In the long run,

the facts are on the side of the optimists.

To paraphrase Martin Luther King Jr., the arc of history bends toward progress. But progress doesn't just happen. People work hard to discover ways forward.

The What Works Initiative
highlights positive outcomes on difficult issues – and how people achieved them.

A Progress Postcard:

Just since 2024, electrical service has reached the homes of 50 million more Africans across 40 countries.

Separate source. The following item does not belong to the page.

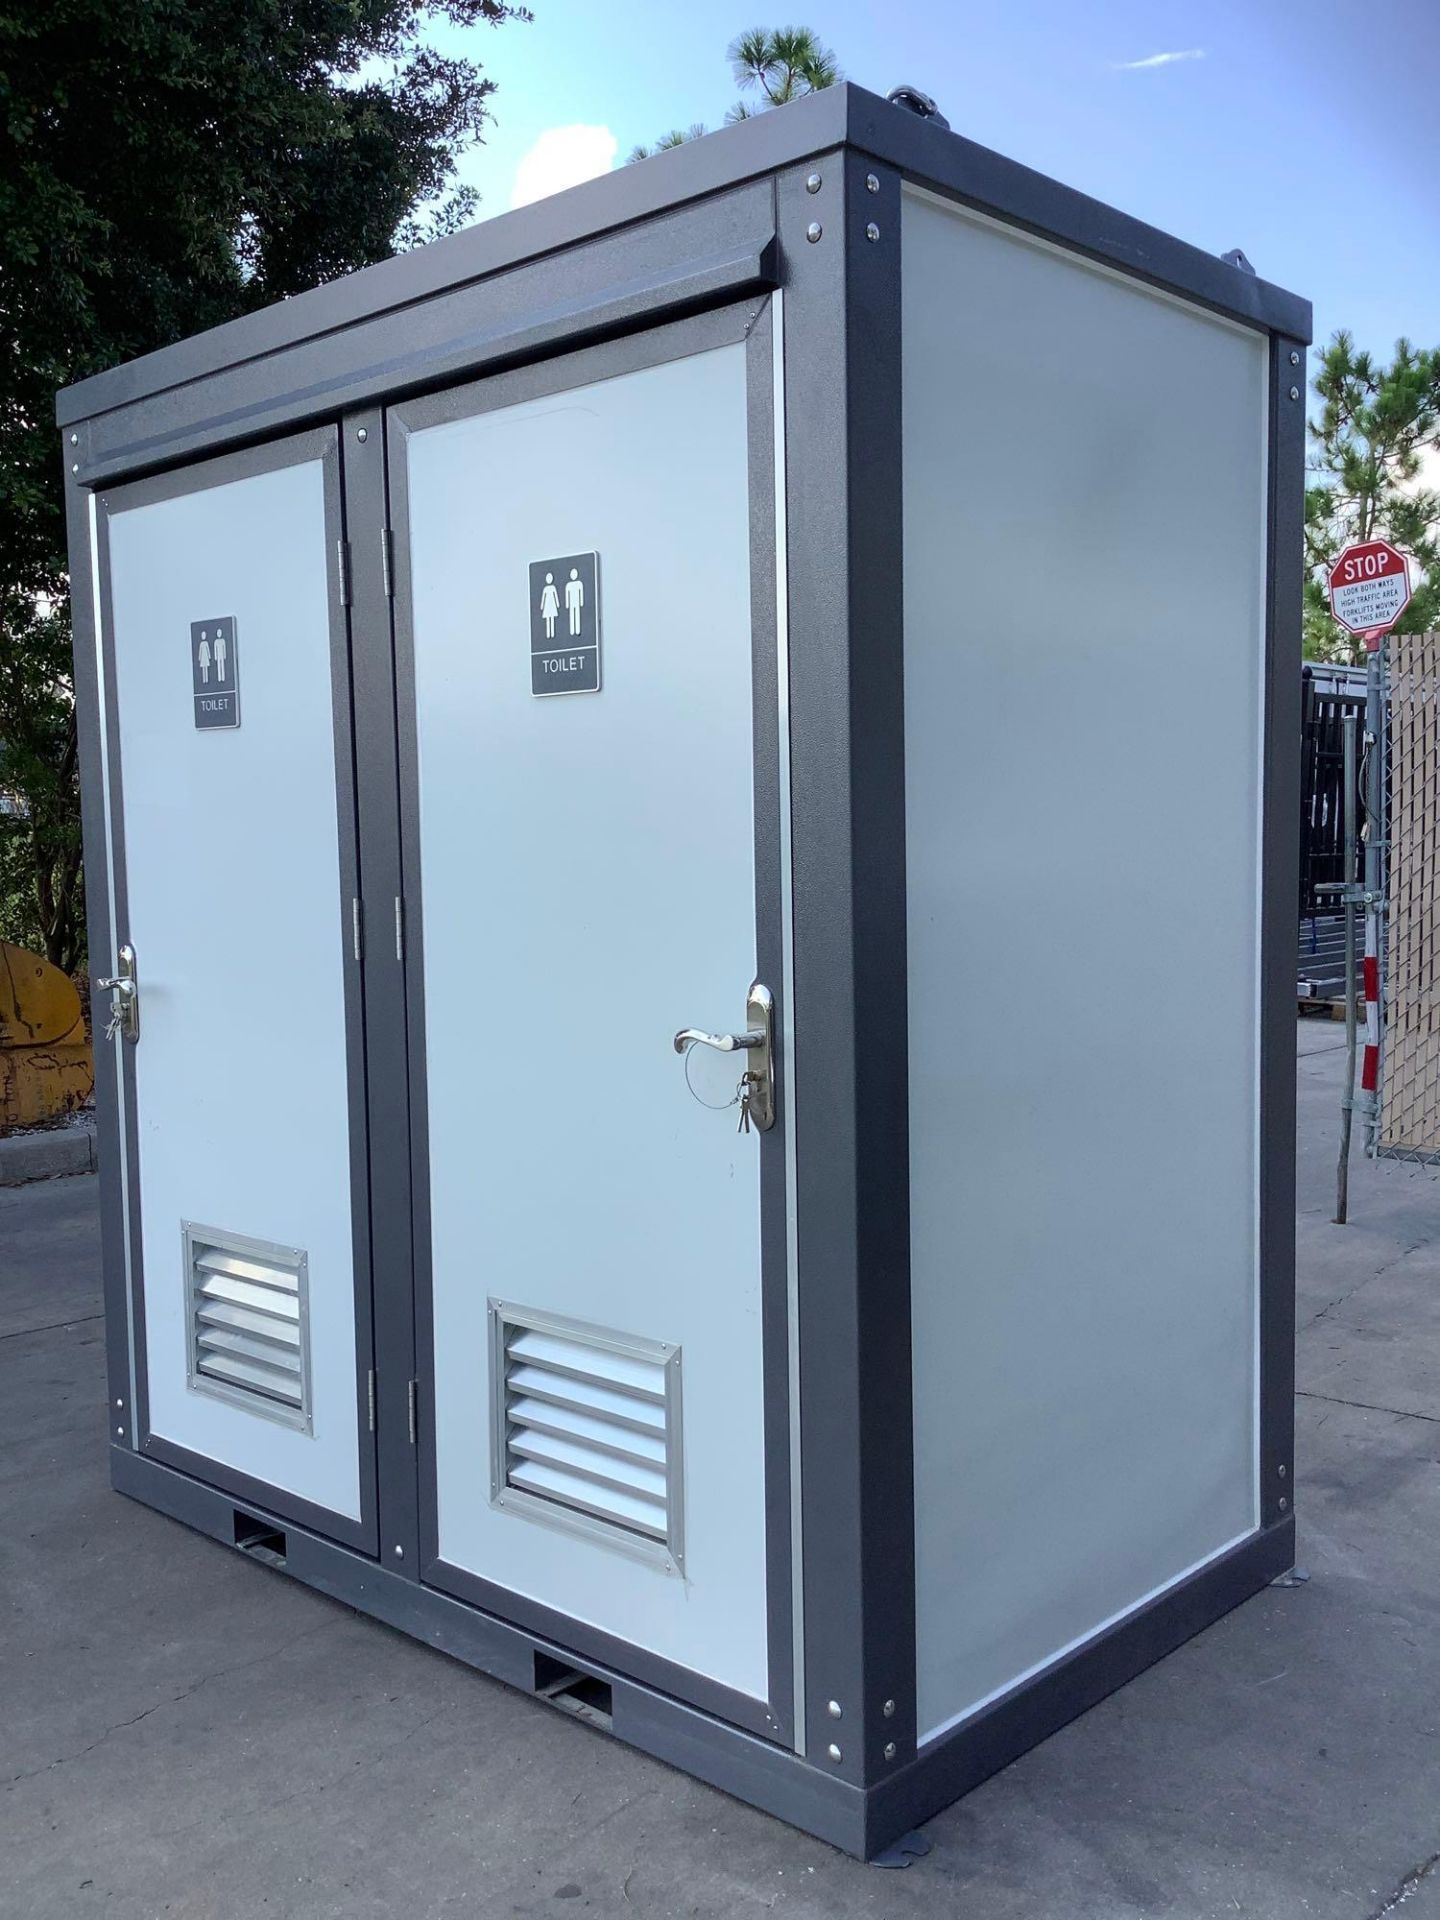 UNUSED PORTABLE DOUBLE BATHROOM UNIT, 2 STALLS, ELECTRIC & PLUMBING HOOK UP WITH EXTERIOR PLUMBING C - Image 8 of 13

Electricity is fundamental to every aspect of modern life from refrigerating food to reading after dark to running drip irrigation systems to connecting to the whole information age economy. Not to mention living in smoke-free houses. It’s the critical piece of infrastructure for building any kind of prosperity. The world’s rich countries built out their electrical grids into the countryside in the 1930s through the ‘50s. Some, like southern Italy, waited until the ‘60s. Middle income countries like Mexico, much of Latin America, and Southeast Asia did most of the electrification in the ‘60s through the ‘80s.

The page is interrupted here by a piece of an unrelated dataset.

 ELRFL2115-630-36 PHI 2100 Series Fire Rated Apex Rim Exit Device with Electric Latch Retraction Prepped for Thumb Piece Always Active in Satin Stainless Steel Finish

Today, nearly 9 out of 10 people without electricity live in Africa – nearly 600 million people. Most of them are rural, with the biggest concentrations in Nigeria, the Democratic Republic of the Congo, and Ethiopia. A World Bank project, Mission 300, was launched in 2024 and aspires to wire up the homes of 300 million Africans by 2030. They are off to a strong start with their first 50 million.